В Дурокобриве наш отряд остановился на ночь, и я забрал оттуда свою лошадь; а к закату второго дня мы въехали в лагерь.
Я отвел Медрота в свою хижину, а потом отправил его вместе с поджидавшим меня оруженосцем забрать из обоза его снаряжение и поискать себе что-нибудь поесть — отдавая этот приказ, я отвернулся, якобы бросить плащ и седельную сумку, но на самом деле чтобы мне не нужно было видеть выражение лица юного Риады.
Я уже видел слишком много выражений слишком многих лиц — изумленные или надолго задержавшиеся взгляды, внезапно расширенные или суженные глаза — когда въезжал в лагерь рядом с Медротом.
Оставшись после их ухода наедине с самим собой, я стоял, глядя в пустоту и теребя свои пыльные доспехи, но не продвигаясь к тому, чтобы снять их. Мне бы следовало немедленно отправиться по делам; видит Бог, у меня их было достаточно; но я все еще медлил, давая новости время разнестись по лагерю.

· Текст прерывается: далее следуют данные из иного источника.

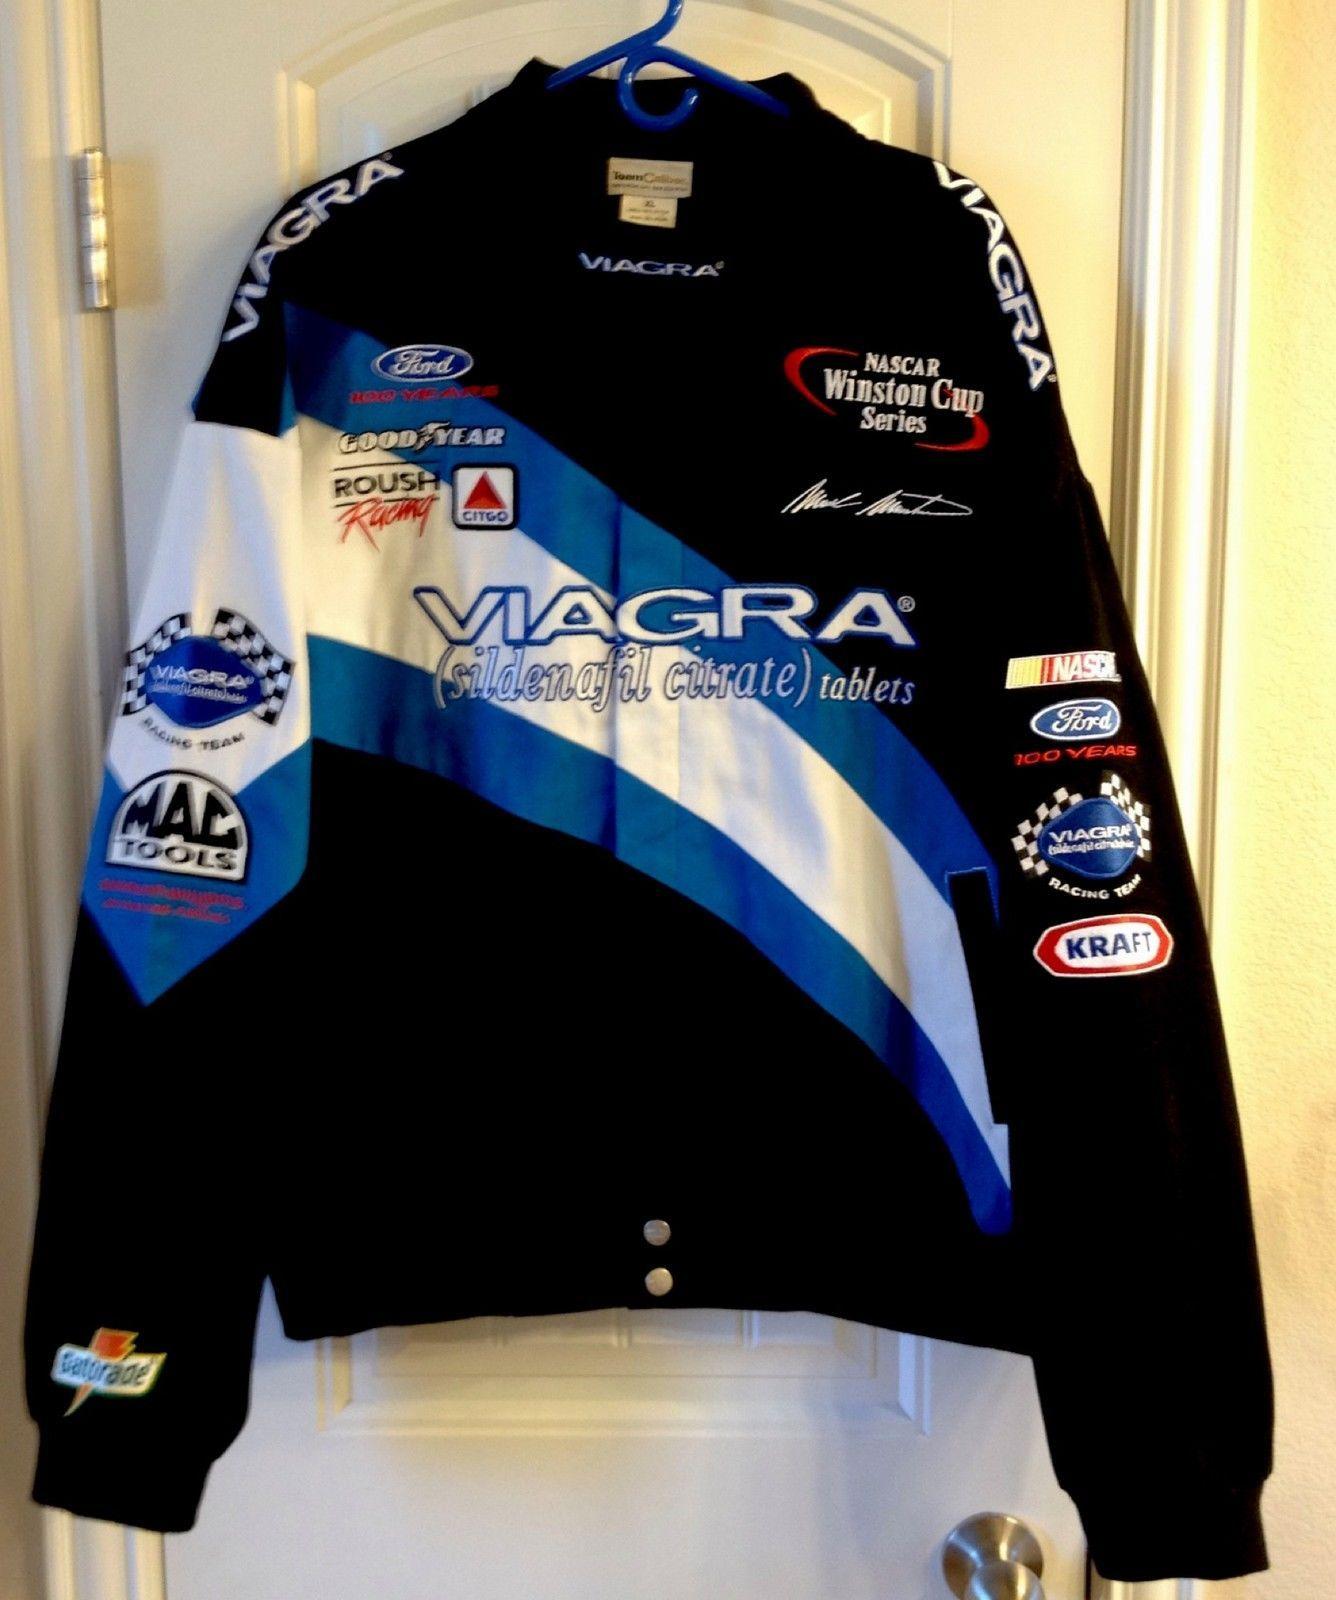 Viagra racing jacket vega 100 vs viagra

Вскоре на утоптанной земле послышались шаги, и в неровном проеме двери вырос Бедуир; и когда он наклонился, чтобы войти внутрь, его силуэт закрыл собой подернутое рябью пламя заката.

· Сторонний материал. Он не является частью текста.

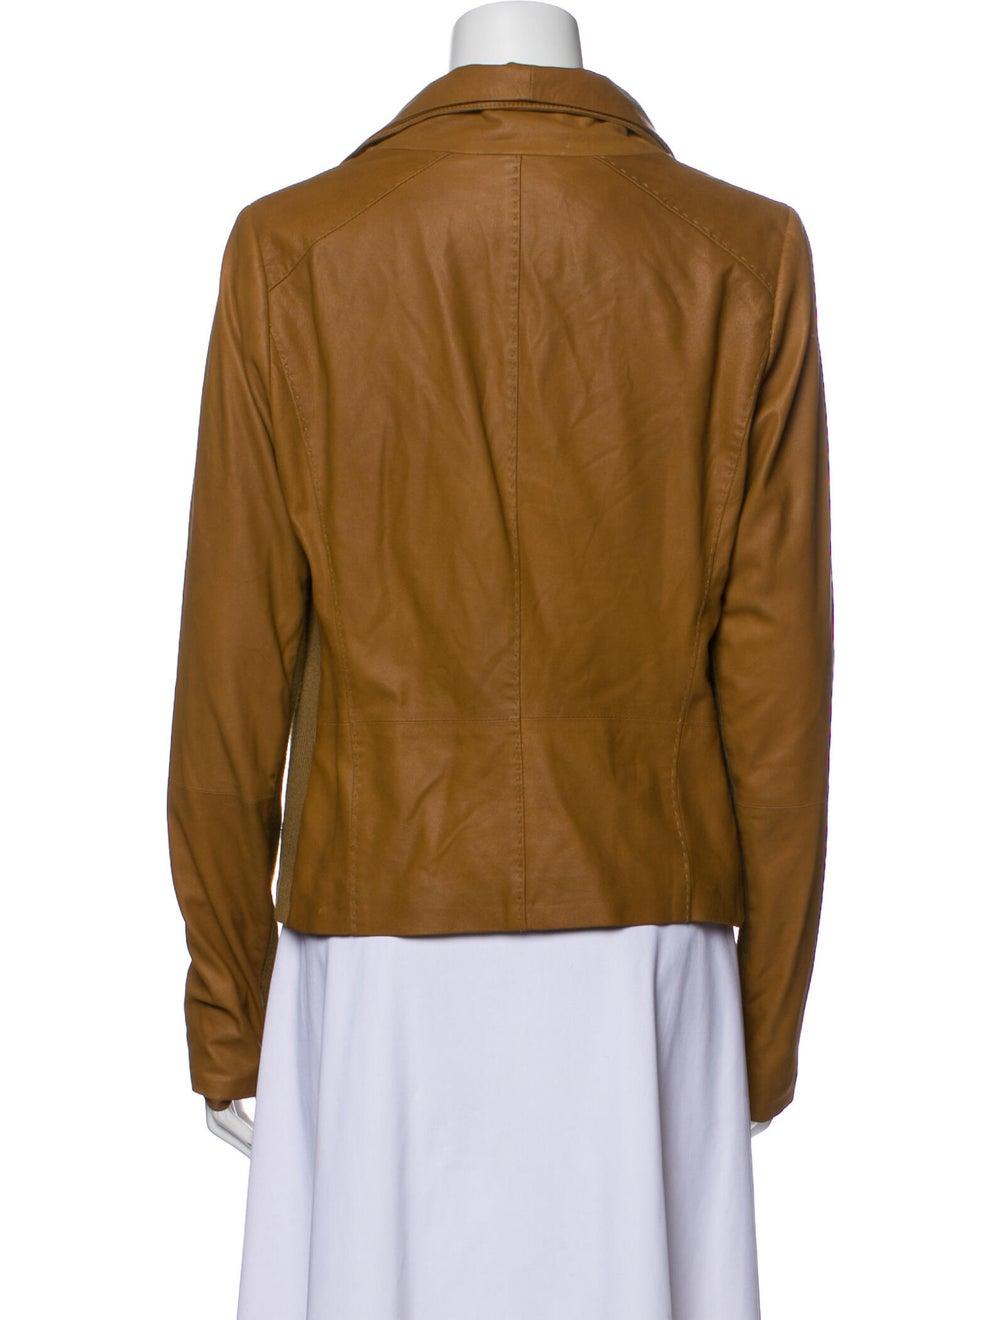 Vince Goat Leather Biker Jacket - image 3

— Артос… мне сказали, что ты вернулся. Какие новости?
Какие новости о Малышке?
— Она мертва, — ответил я. — Она умерла за час до того, как я приехал домой.
И свинцовые слова прозвучали для меня так, словно их произнес кто-то другой.
Над ними сомкнулась тишина. Я не мог видеть лица Бедуира, но слышал, как он хрипло сглотнул. Потом он проговорил:
— Тут нечего сказать, ведь так?
— Да, — отозвался я, — тут нечего сказать.
= Что с Гэнхумарой?
— Примерно то же, что было бы с любой другой женщиной.
Если бы она могла плакать, ей было бы легче.
Даже Бедуиру я не мог рассказать все до конца. Я поднял свой железный шлем и стал начищать его тряпкой, которую Риада держал специально для этой цели. Свет заката, падая сквозь дверной проем на гладкую выпуклую поверхность, отражался в ней багровым пятном.
— Она сказала, что девочка плакала по тебе и твоей арфе, прежде чем заснуть в последний раз.
У него вырвалось заглушенное восклицание и больше ничего, и через какое-то время я сказал:
— Так что тебе предстоит сложить еще один плач.
Он внезапно и тяжело опустился на вьючное седло, свесив руки поперек колен.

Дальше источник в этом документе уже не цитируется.